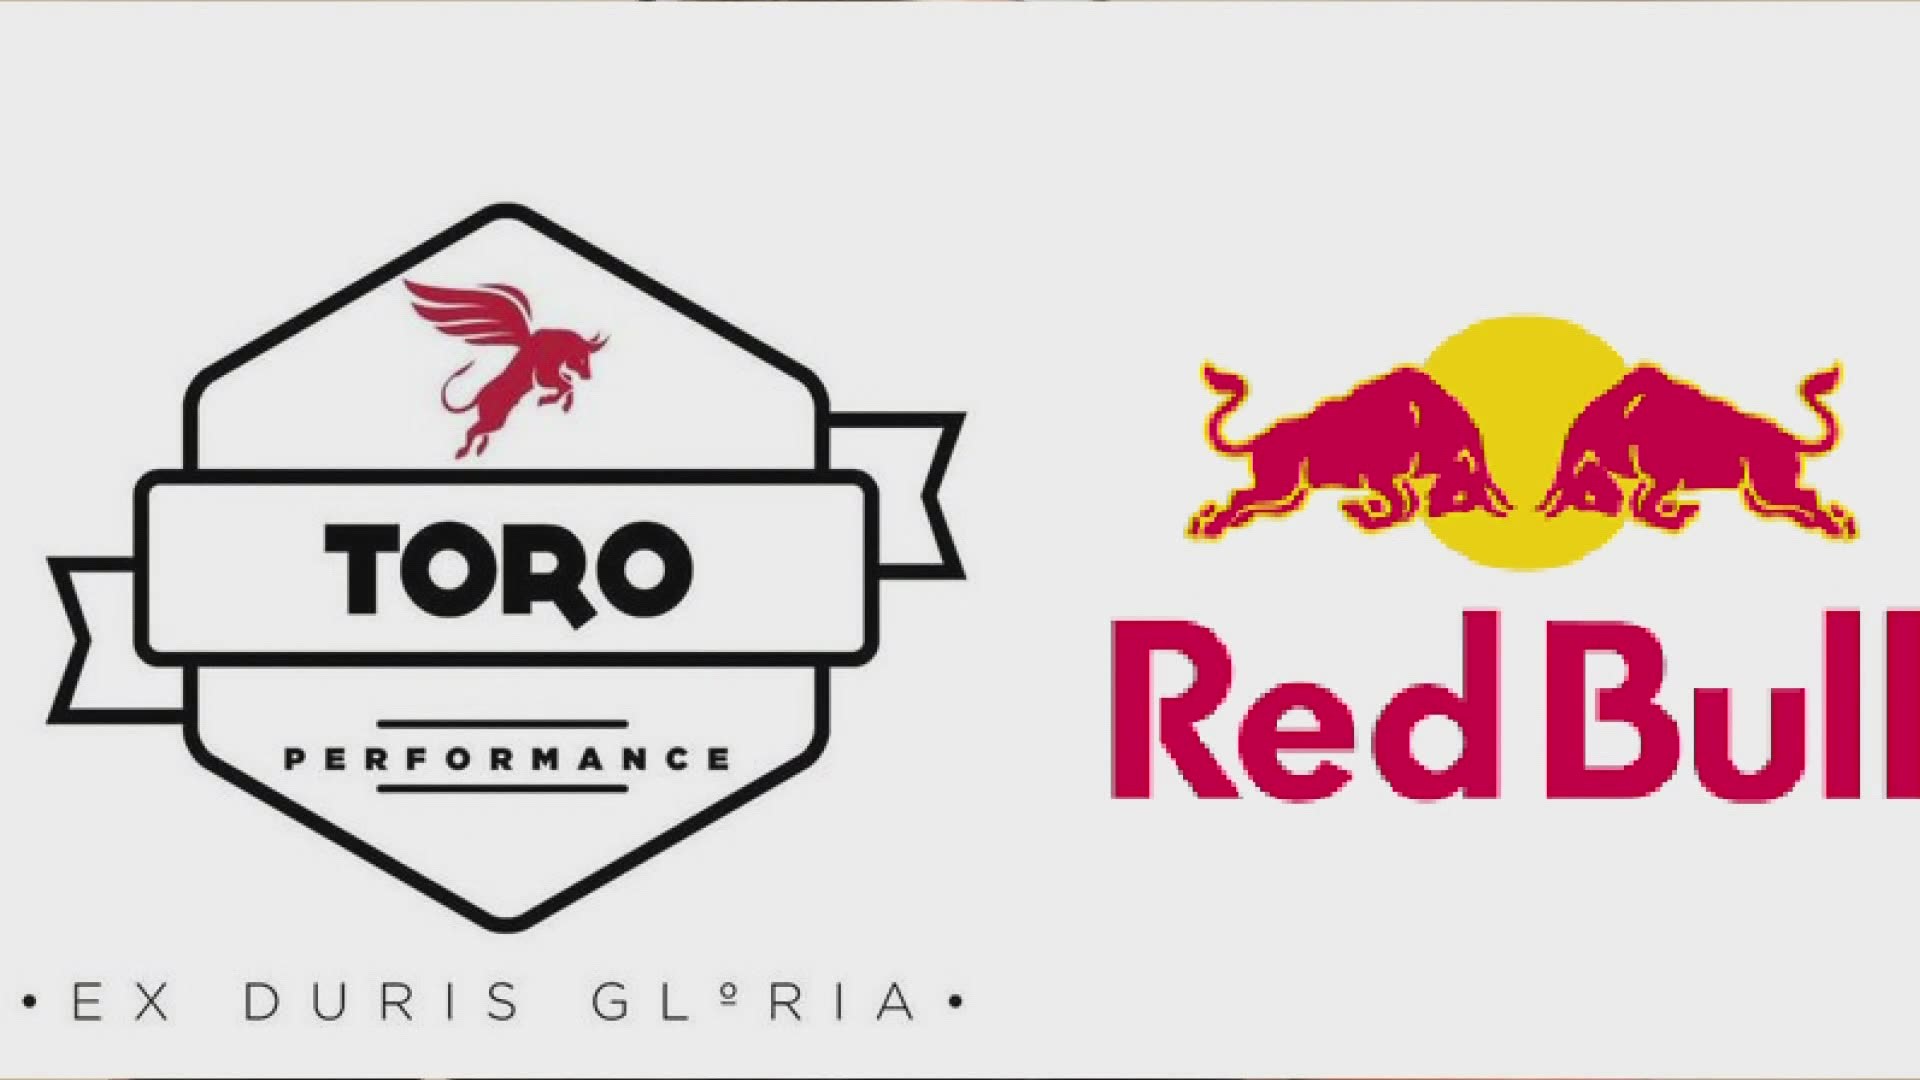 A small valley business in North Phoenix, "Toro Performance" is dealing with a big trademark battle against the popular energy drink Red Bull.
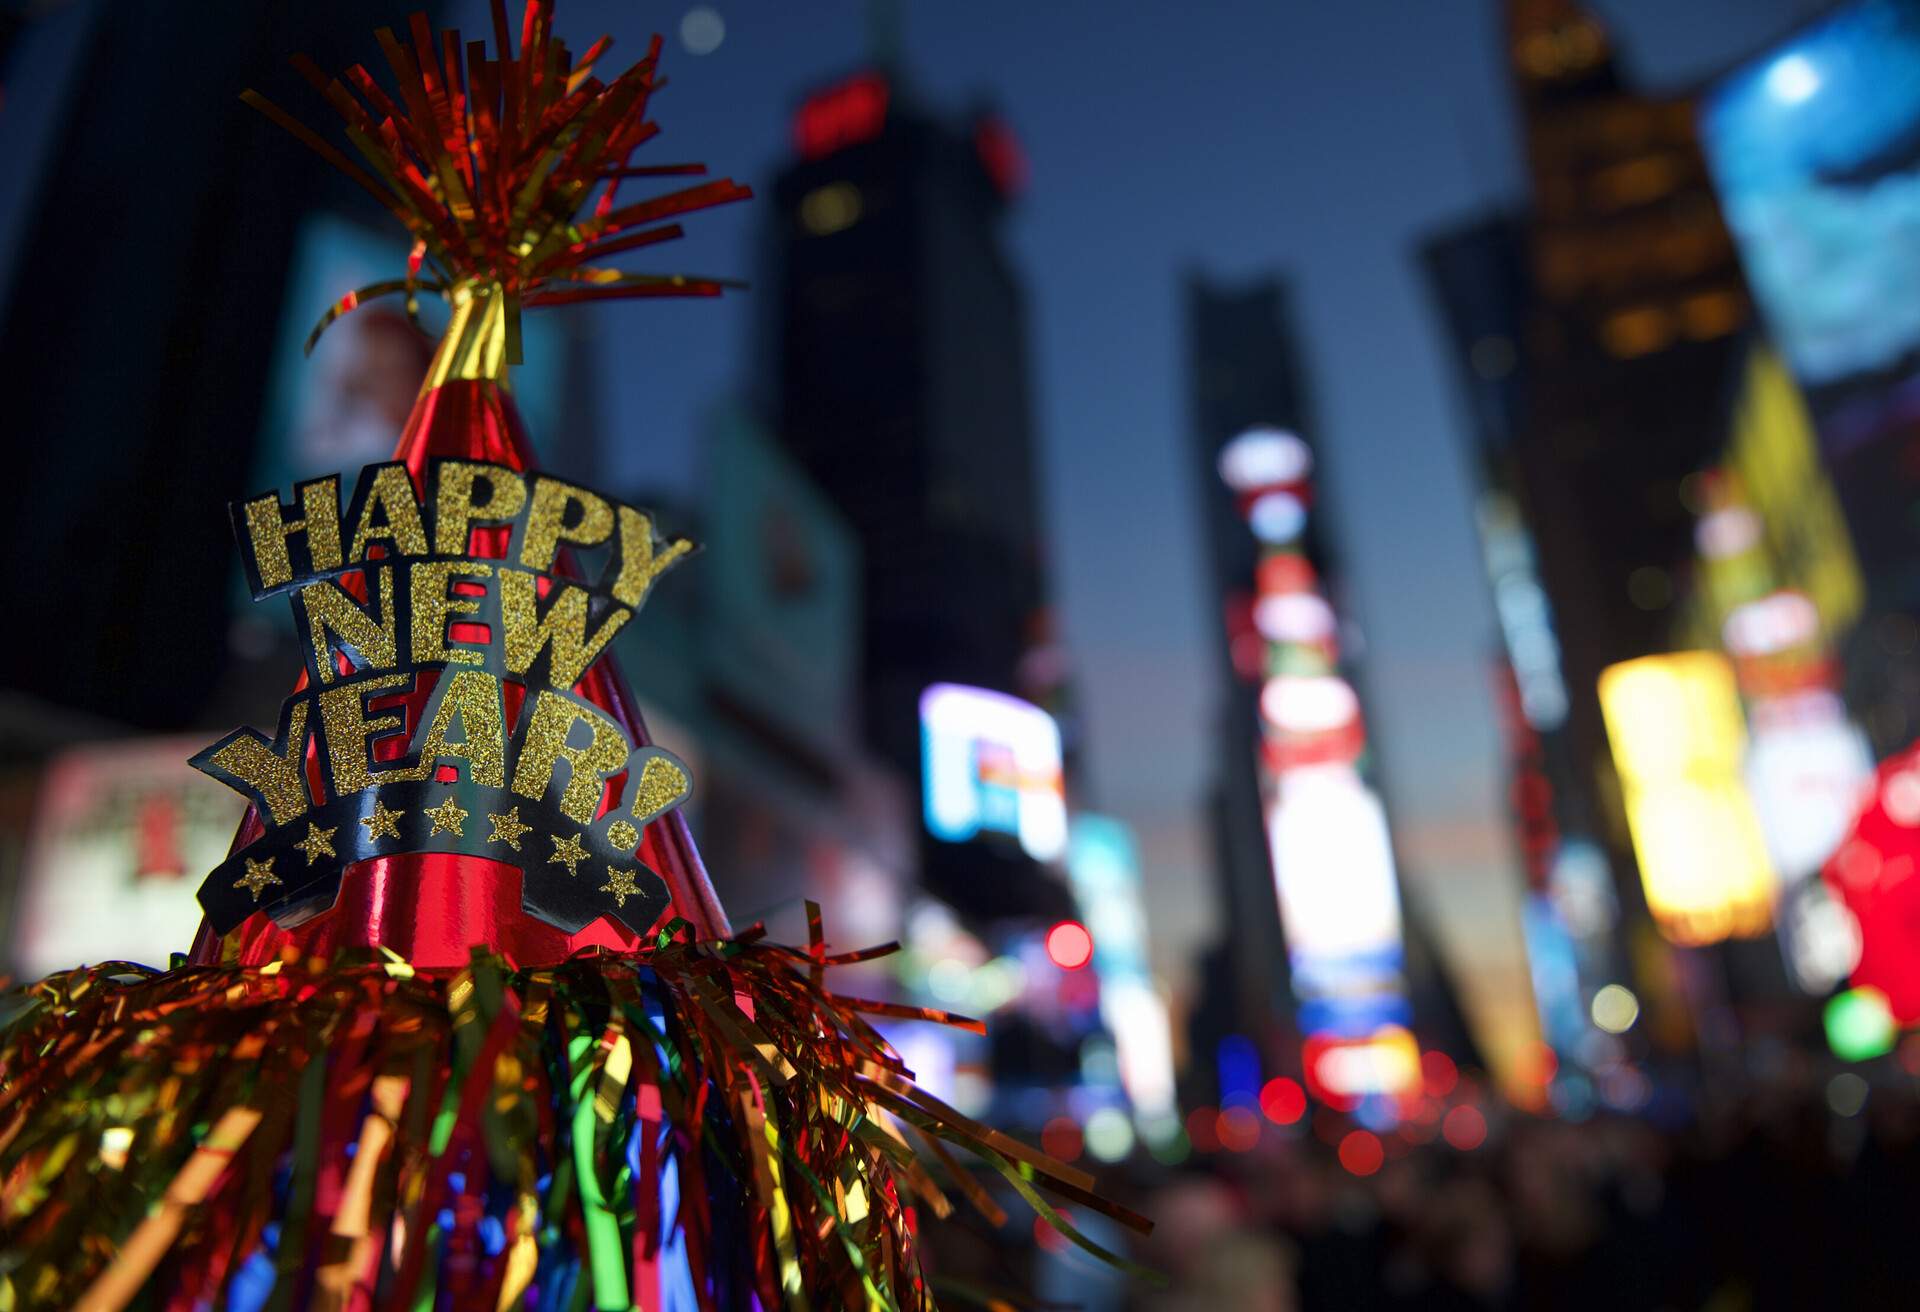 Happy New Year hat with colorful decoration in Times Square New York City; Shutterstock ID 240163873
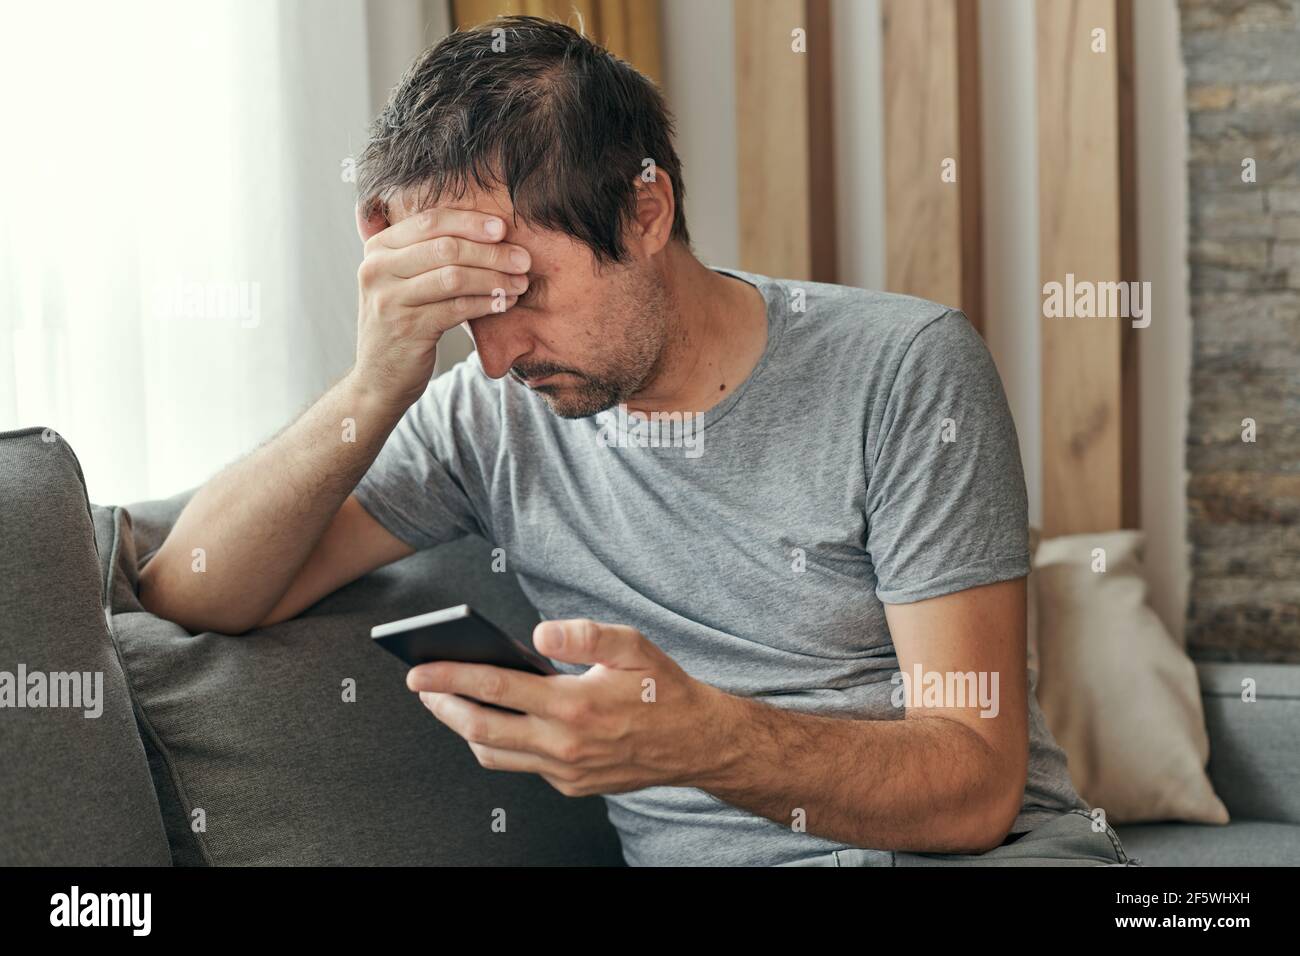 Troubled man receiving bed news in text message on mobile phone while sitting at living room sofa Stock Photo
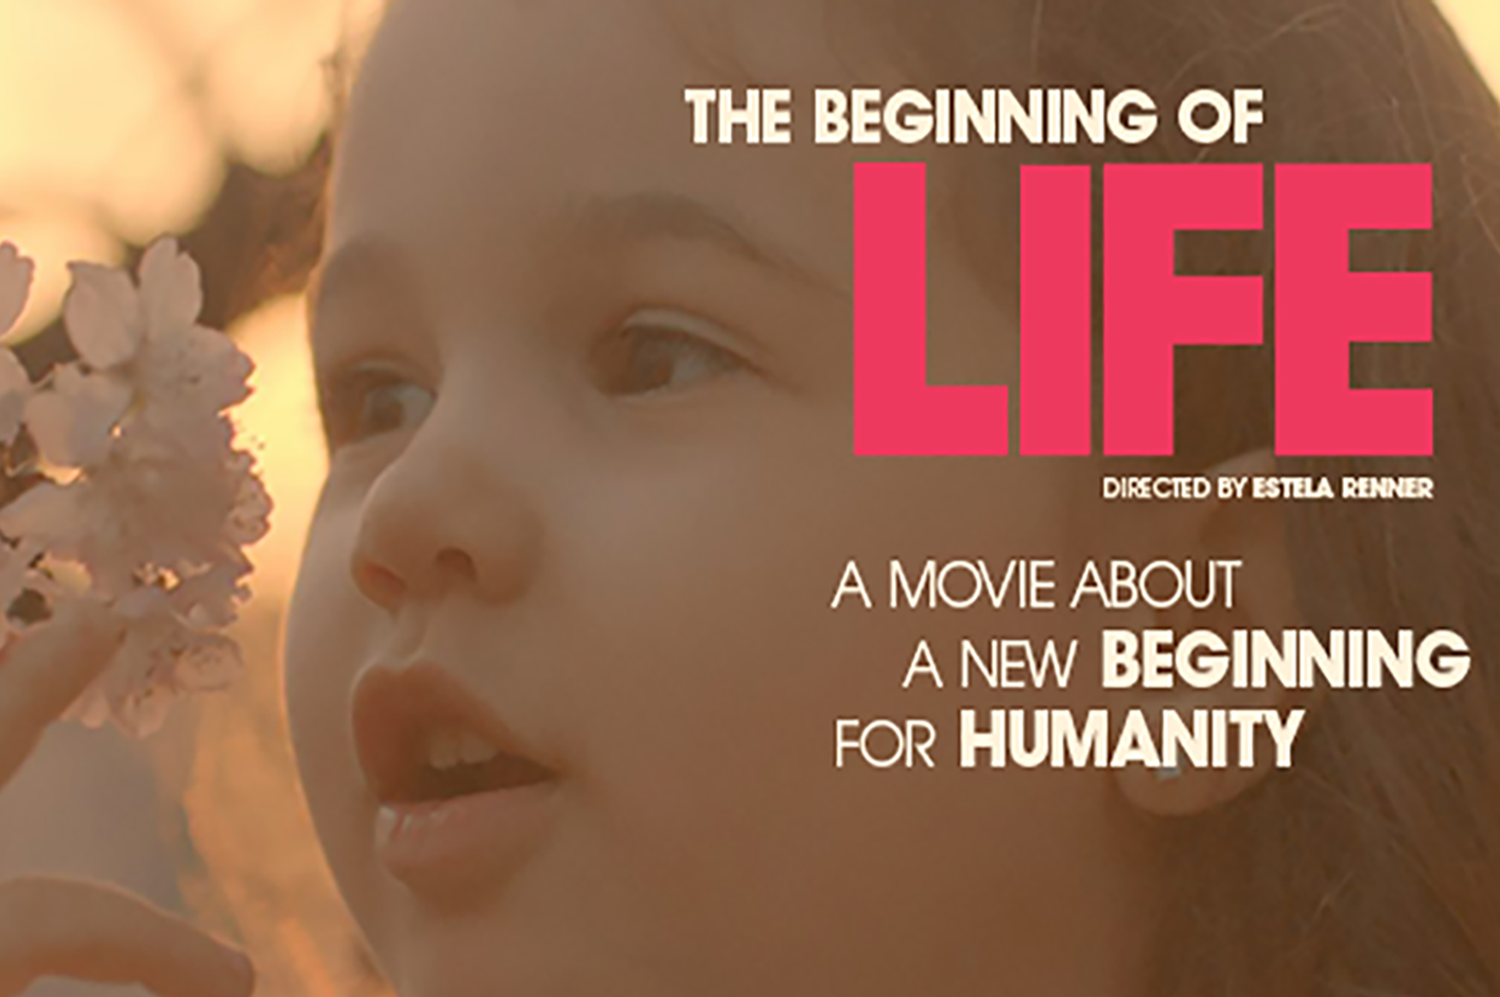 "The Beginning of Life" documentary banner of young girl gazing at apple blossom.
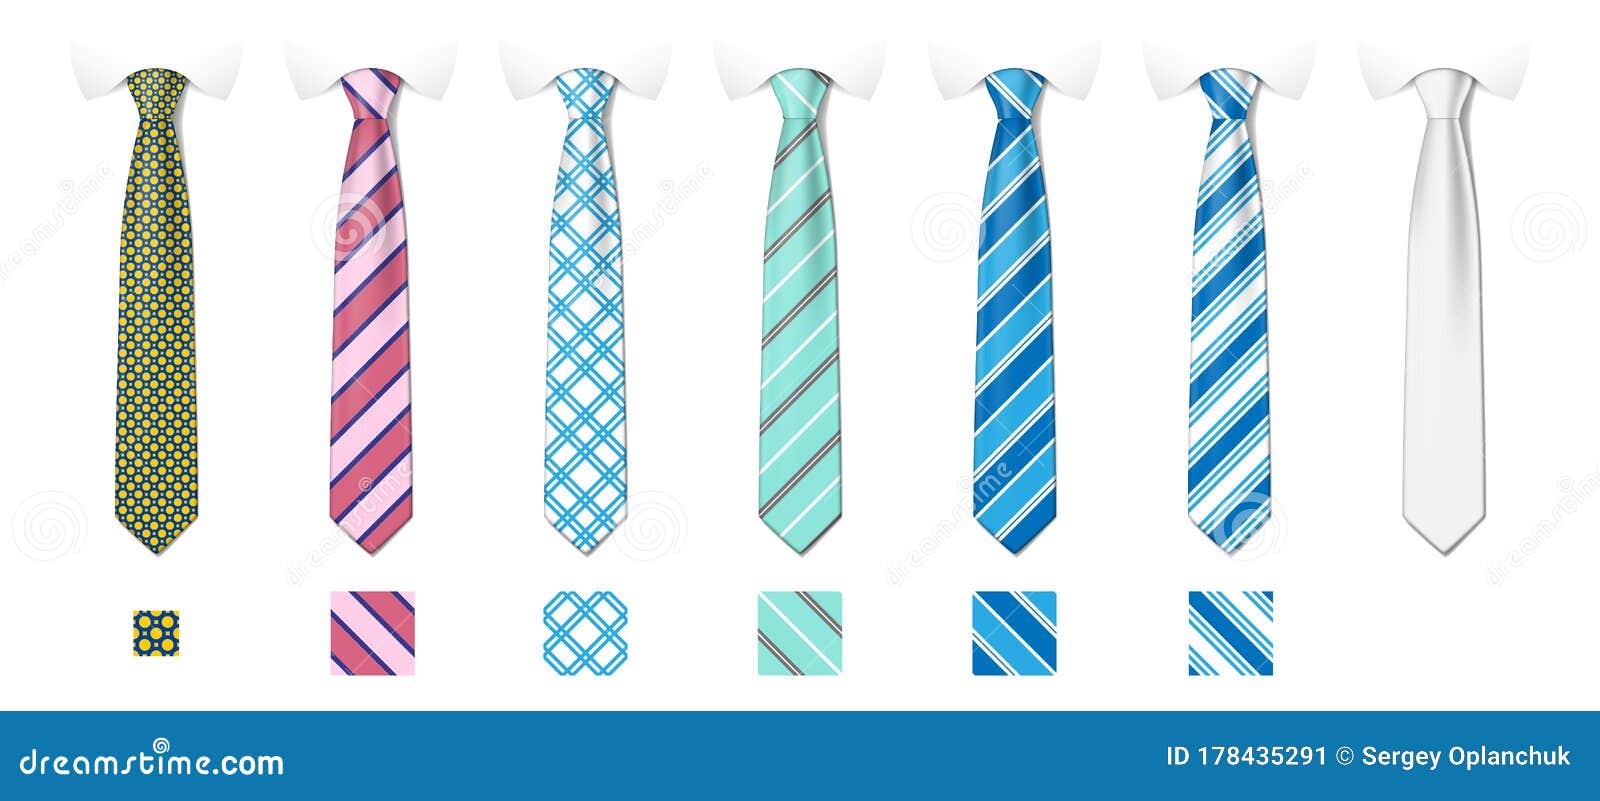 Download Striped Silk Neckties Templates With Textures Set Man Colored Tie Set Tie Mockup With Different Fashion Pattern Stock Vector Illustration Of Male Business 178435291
━━━━━━━━━━━━━━━━━━━━━━━━━━━━━━
PROBLEM DETAILS.
The task calls for repeating each line above exactly while excluding the pictures.

YOUR SOLUTION.
 A small valley business in North Phoenix, "Toro Performance" is dealing with a big trademark battle against the popular energy drink Red Bull.
 Happy New Year hat with colorful decoration in Times Square New York City; Shutterstock ID 240163873
 Troubled man receiving bed news in text message on mobile phone while sitting at living room sofa Stock Photo
 "The Beginning of Life" documentary banner of young girl gazing at apple blossom.
 Download Striped Silk Neckties Templates With Textures Set Man Colored Tie Set Tie Mockup With Different Fashion Pattern Stock Vector Illustration Of Male Business 178435291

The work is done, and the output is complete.